The continued lack of new economic stimulus from the federal government is also slowing the U.S. recovery. Fiscal measures, including disbursement of government stimulus checks in recent months and the end of the Paycheck Protection Program, have helped support consumer spending. Average hourly earnings were up slightly again in September, although gains were exaggerated by an upward shift among low-income workers. With a continued lapse in enhanced federal unemployment benefits, additional increases will be difficult. An effort on Oct.2 to restart assistance to U.S. airlines was killed in the House of Representatives, and there is no guarantee that any compromise reached between House Speaker Nancy Pelosi and Treasury Secretary Steven Mnuchin would pass the Senate. Congress also has yet to agree on a plan to provide federal assistance to cash-strapped U.S. states, meaning the next wave of layoffs could include state and local employees.
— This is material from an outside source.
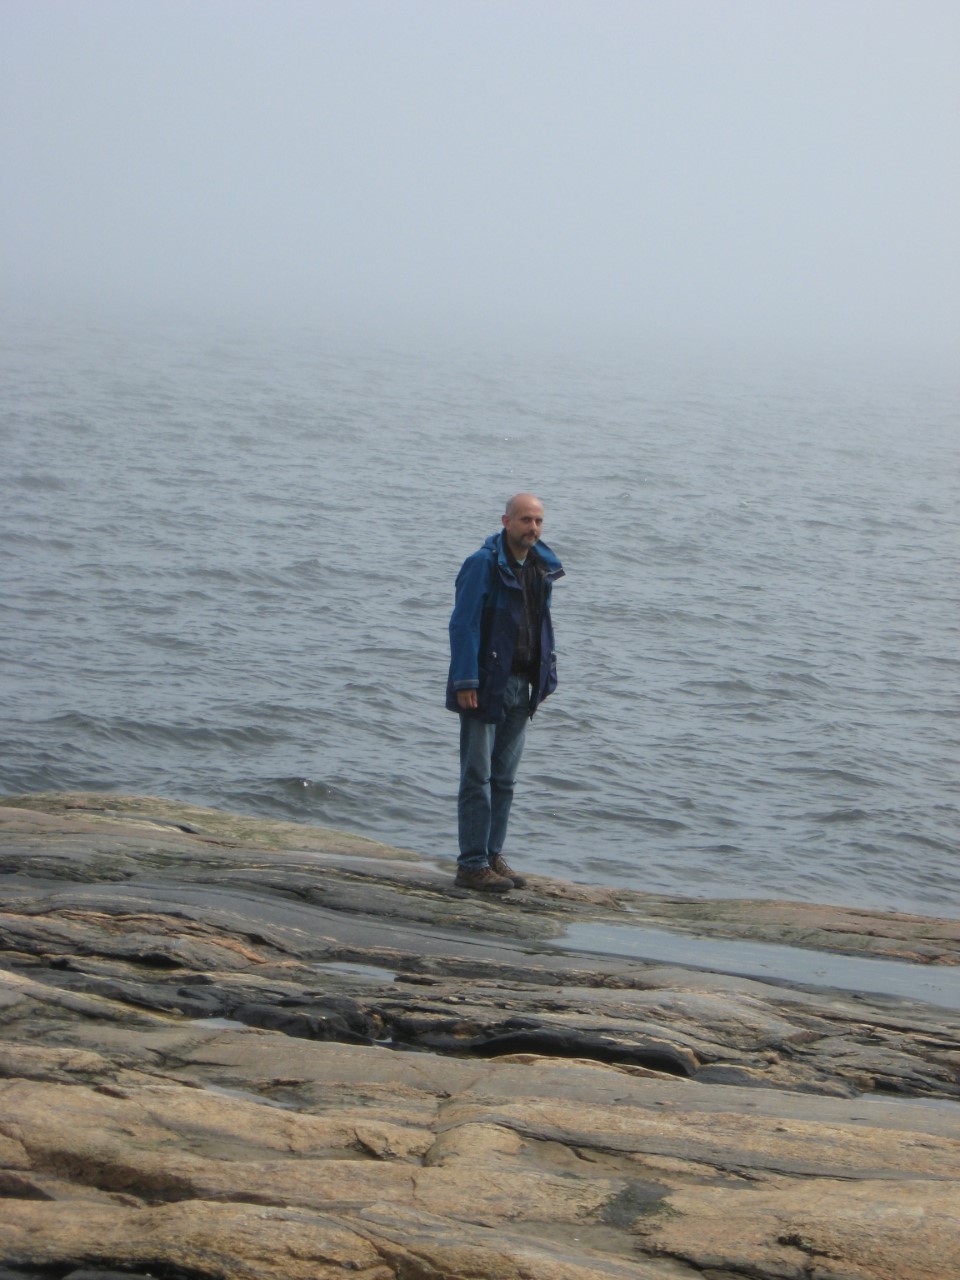 Aziz Choudry stands on a rocky beach with a large body of water behind him. He wears a dark blue rain coat and blue jeans.
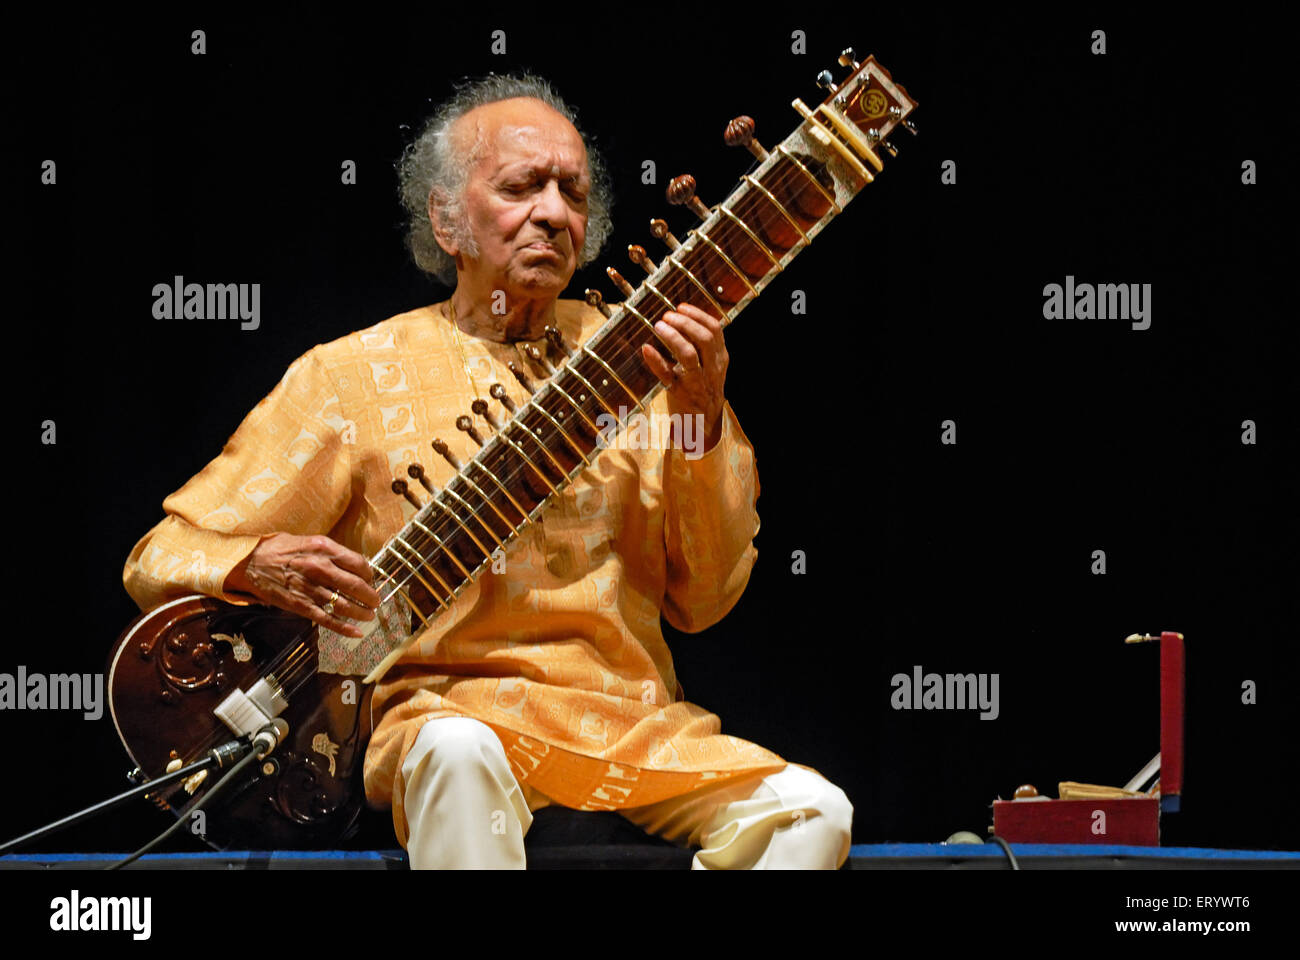 Pandit Ravi Shankar sitar virtuoso Indian classical music maestro Indian  composer playing musical instrument sitar on stage Stock Photo - Alamy

The uncertainty surrounding Trump’s health and the status of fiscal negotiations in Washington, combined with the expected dearth of new economic data, will be reflected in market volatility in the coming days. It’s too soon to say whether a relaxation of lockdown measures will be reversed or more people decide to take additional precautions. But until there is a viable vaccine that can be widely trusted and distributed among the U.S. population, American consumers and businesses will remain reluctant to resume their pre-pandemic spending and investment habits.